[Work task] An exact repetition of the data is required; no picture should appear in it.

[Exercise data]
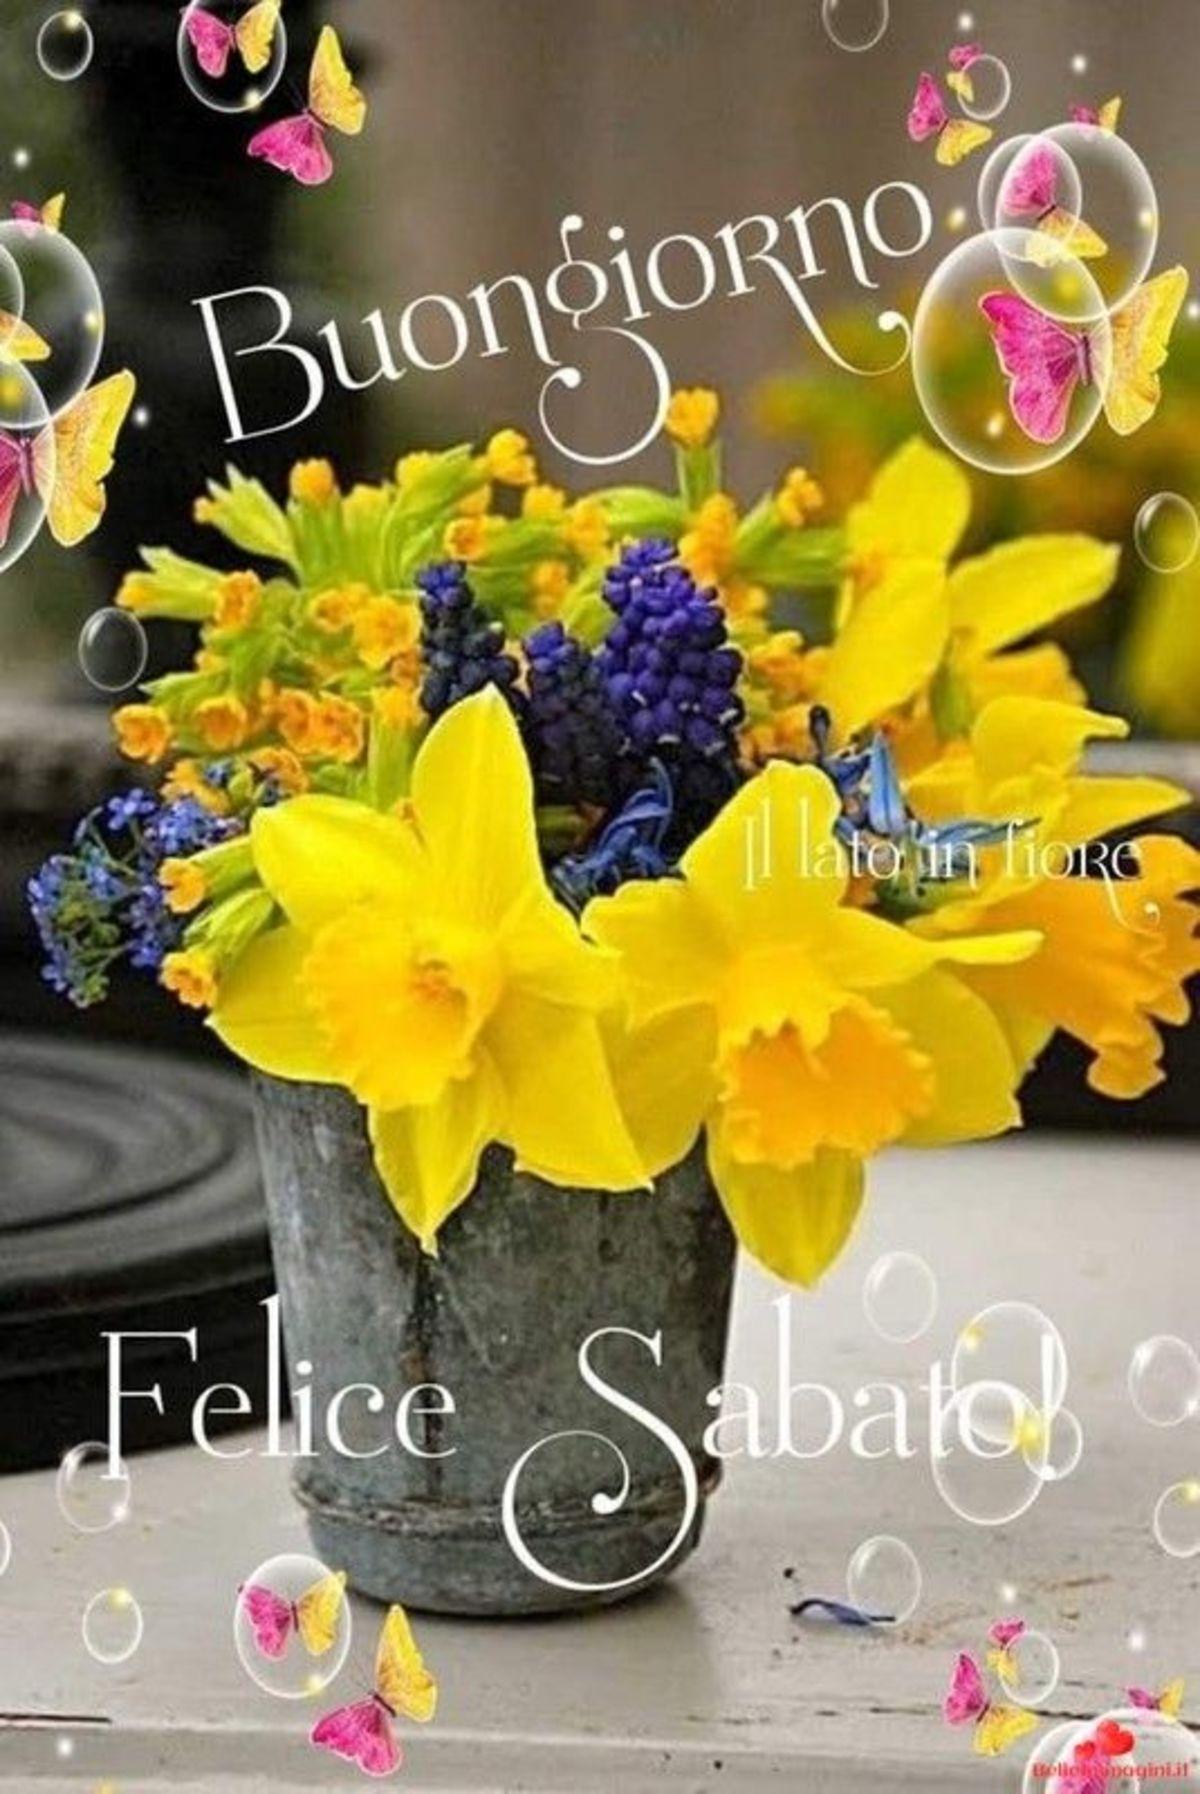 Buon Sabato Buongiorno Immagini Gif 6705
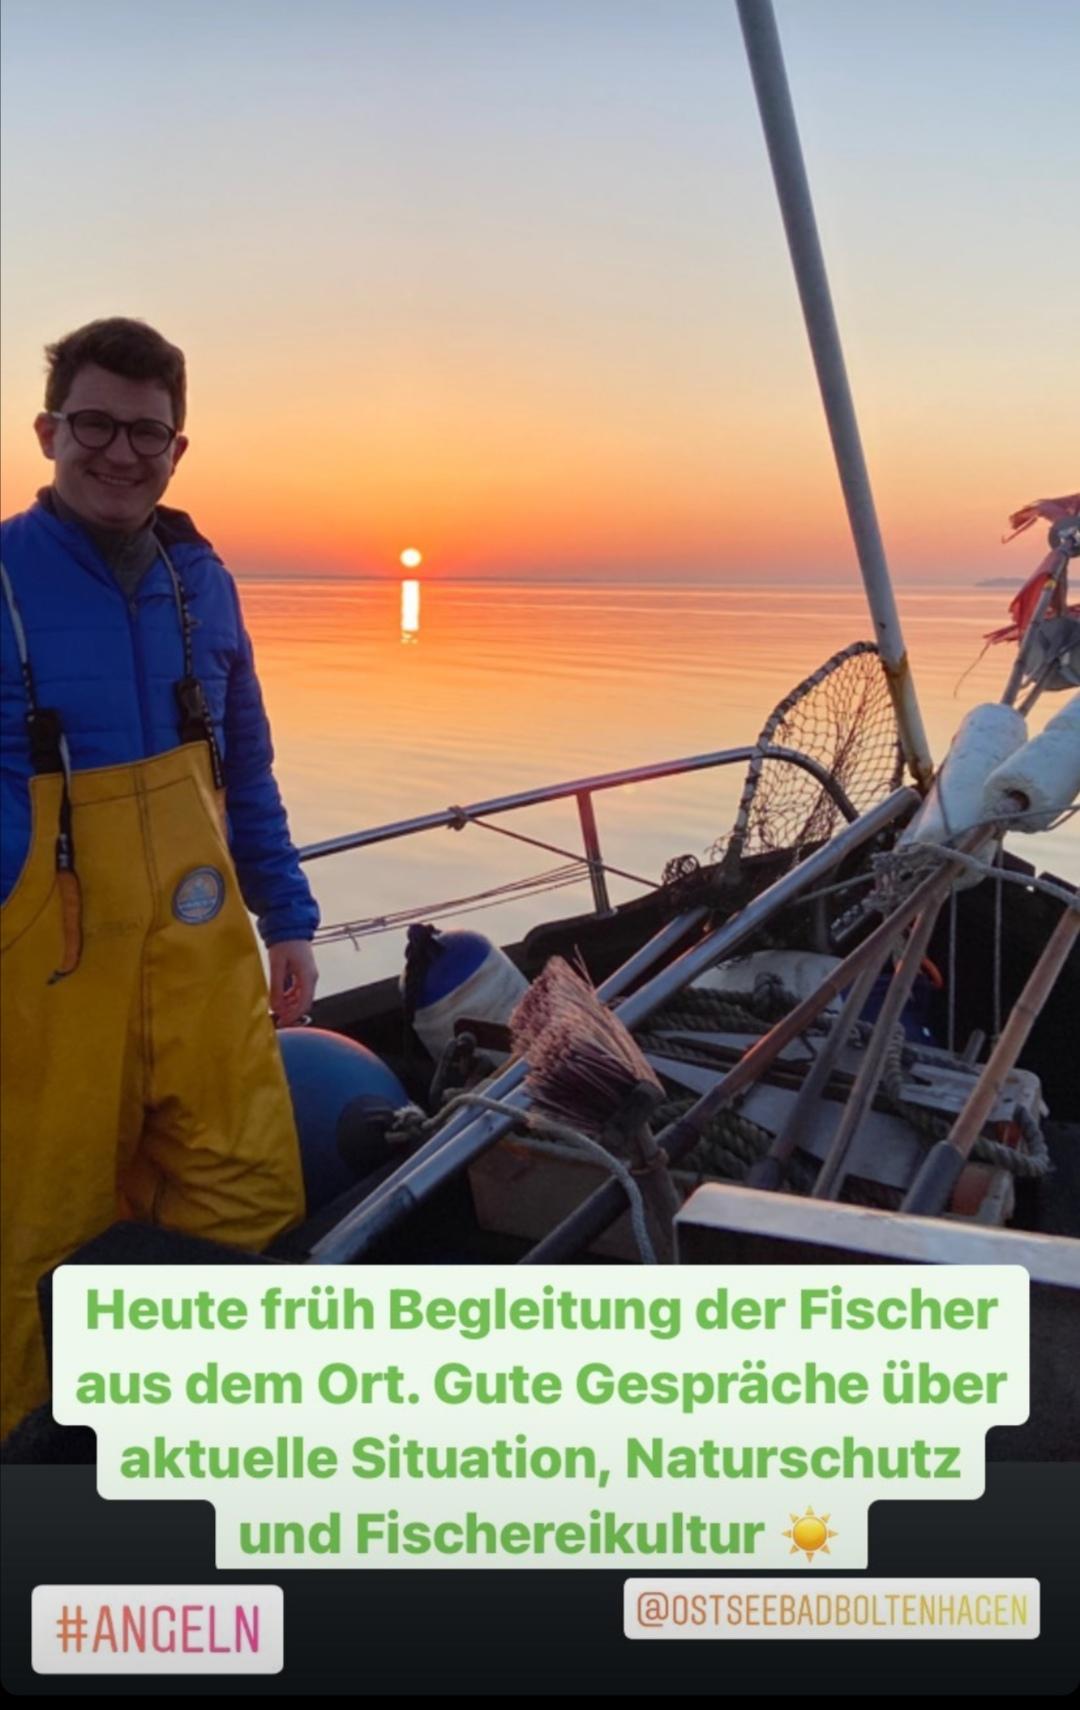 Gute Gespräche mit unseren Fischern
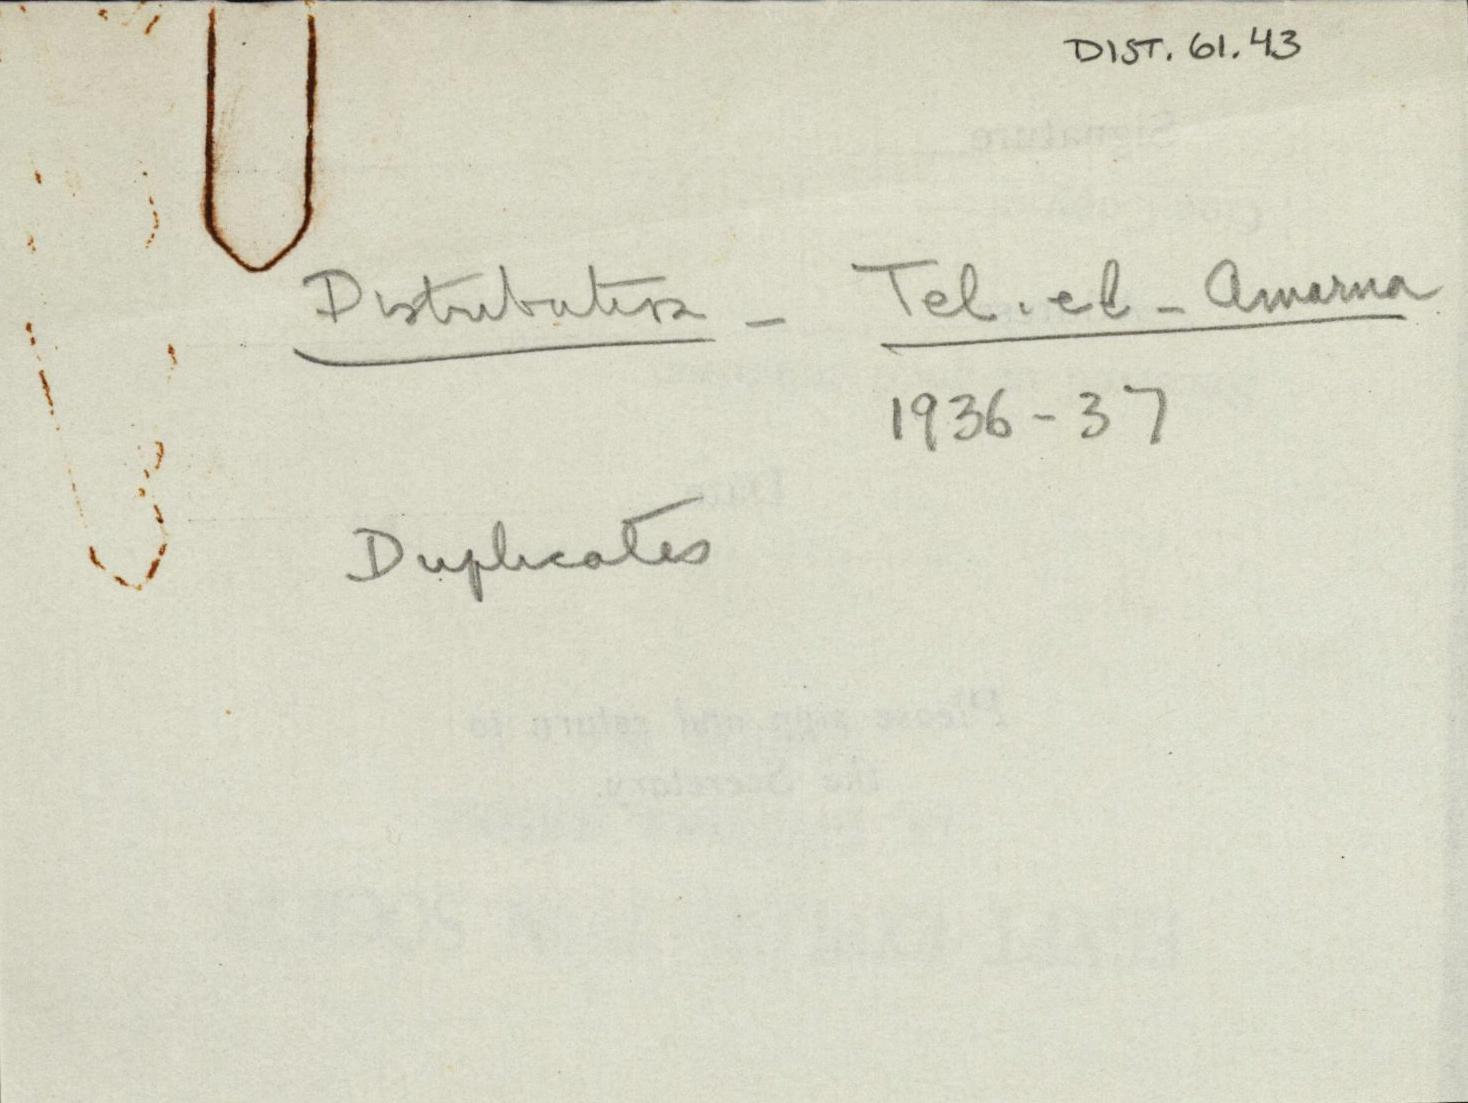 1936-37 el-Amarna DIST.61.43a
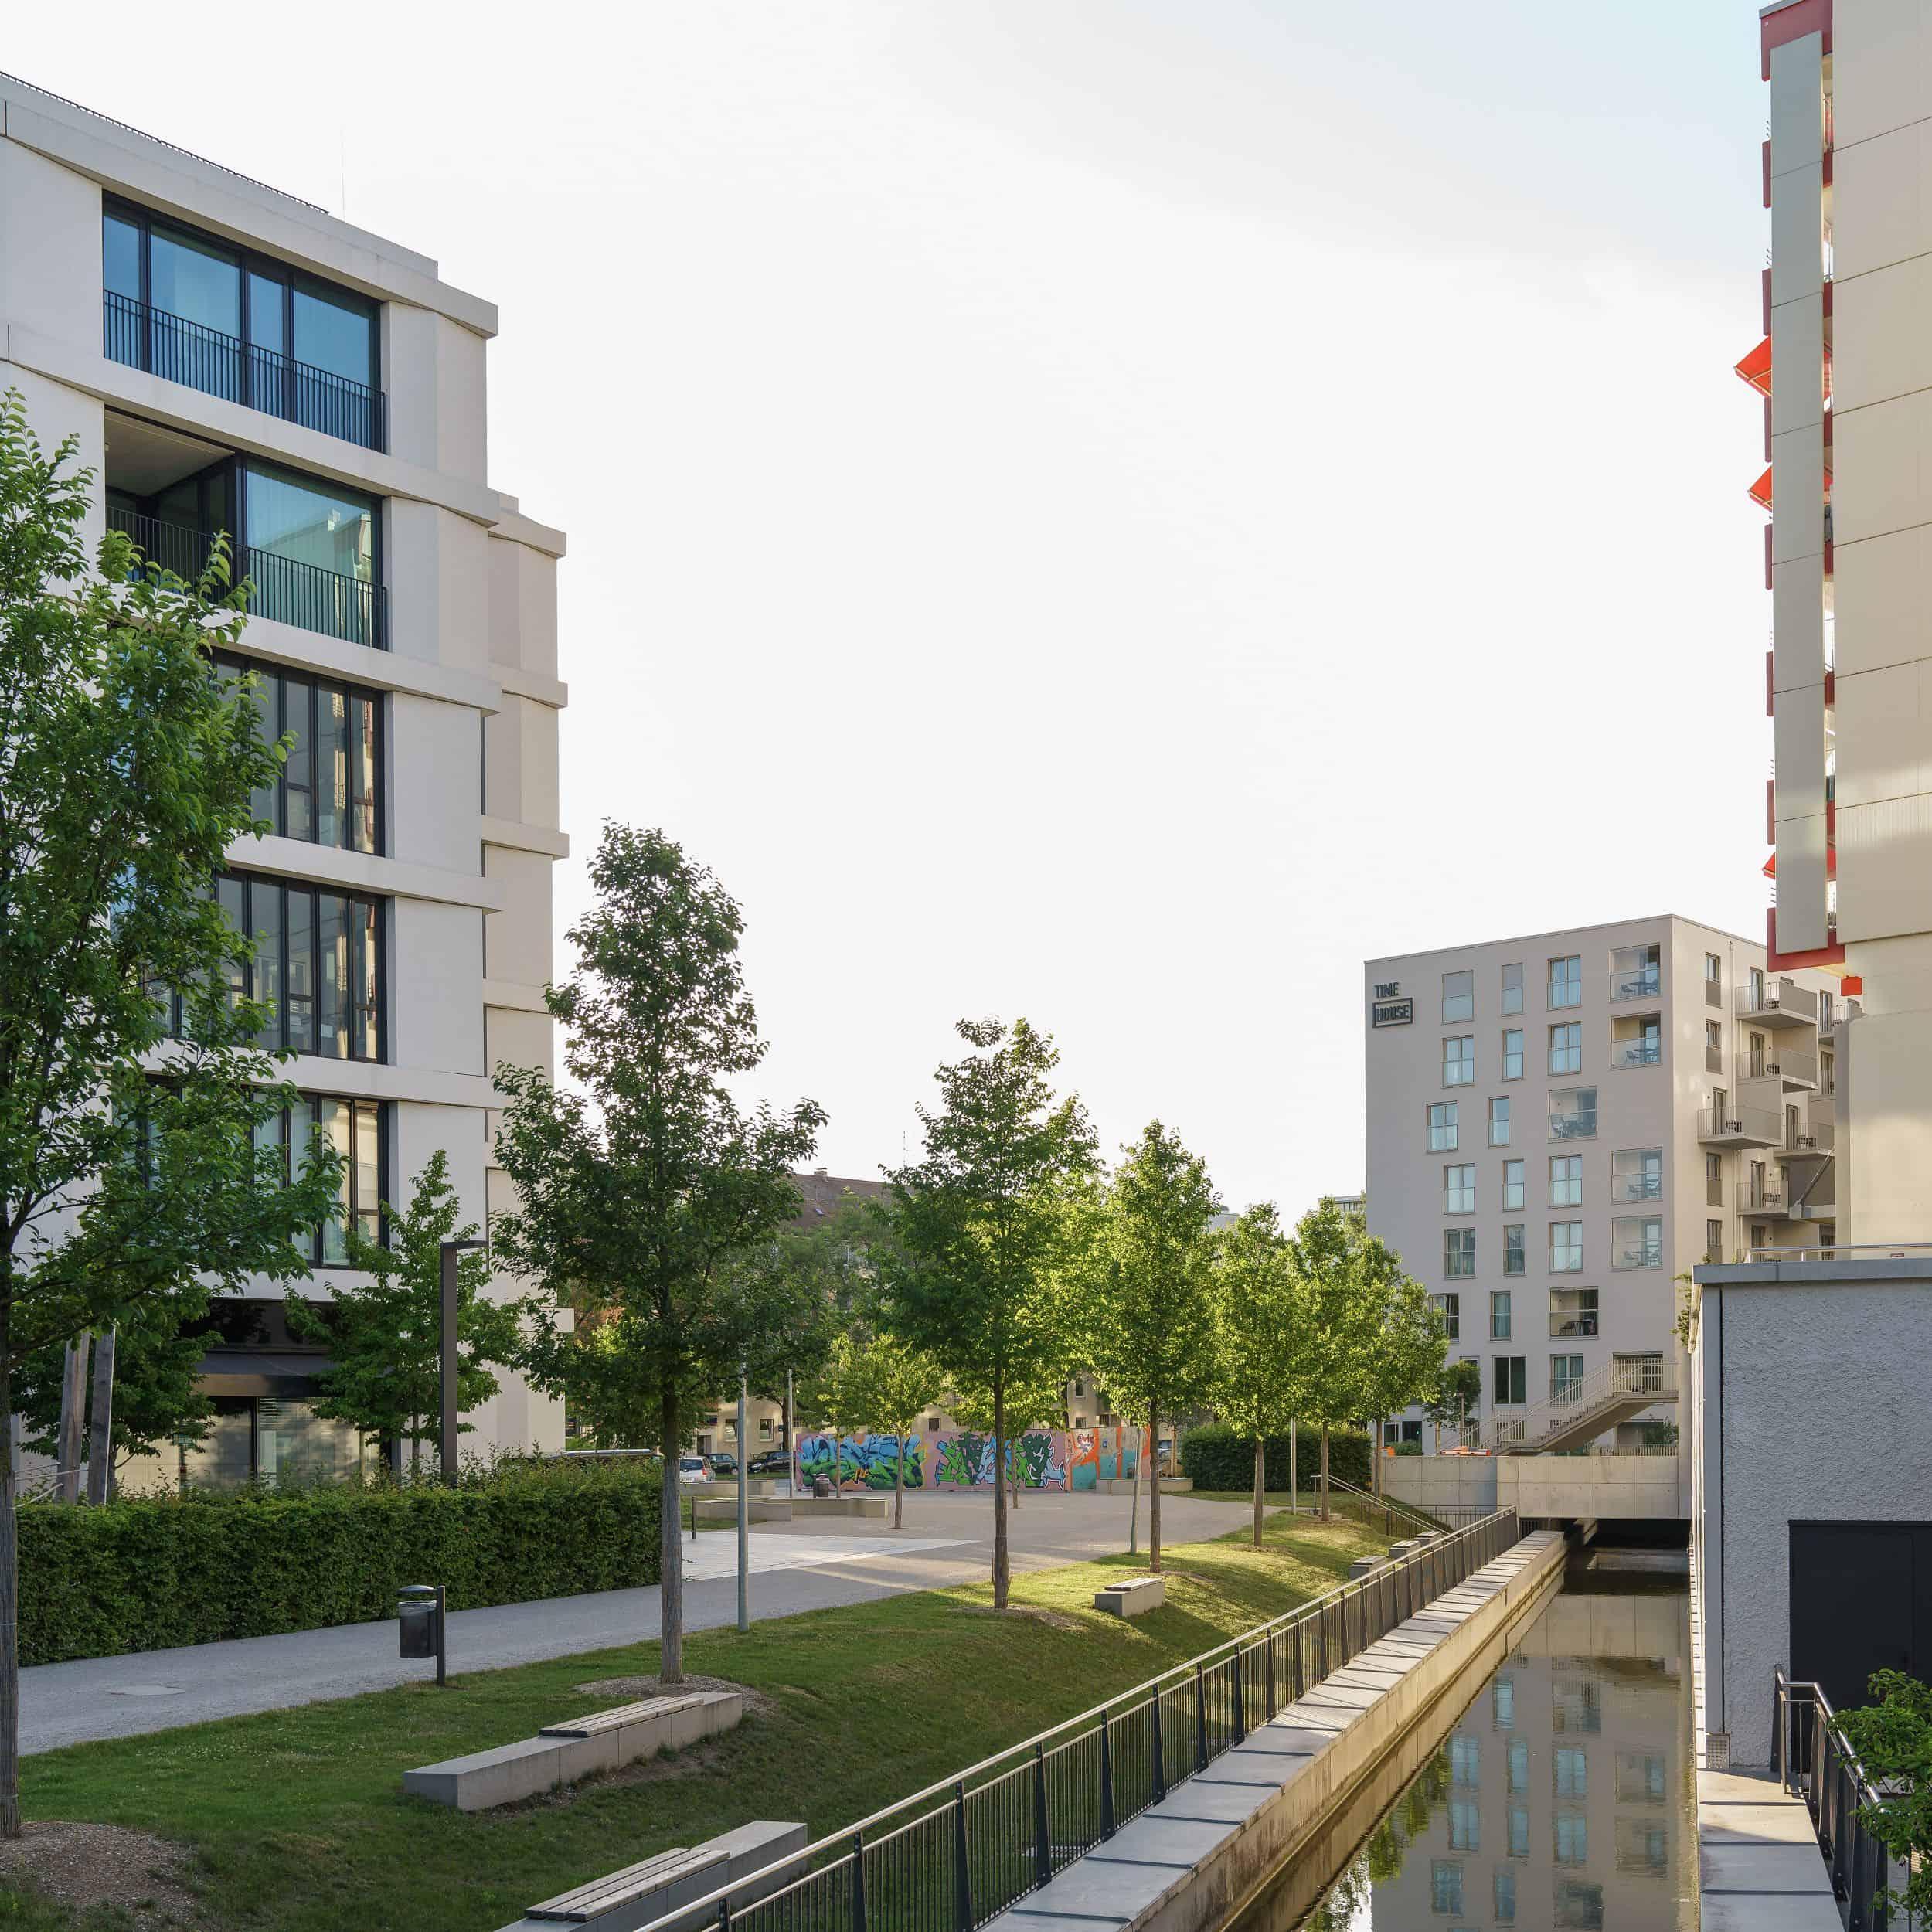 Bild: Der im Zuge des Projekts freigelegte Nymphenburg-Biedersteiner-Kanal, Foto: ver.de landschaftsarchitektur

[Completed task]
 Buon Sabato Buongiorno Immagini Gif 6705
 Gute Gespräche mit unseren Fischern
 1936-37 el-Amarna DIST.61.43a
 Bild: Der im Zuge des Projekts freigelegte Nymphenburg-Biedersteiner-Kanal, Foto: ver.de landschaftsarchitektur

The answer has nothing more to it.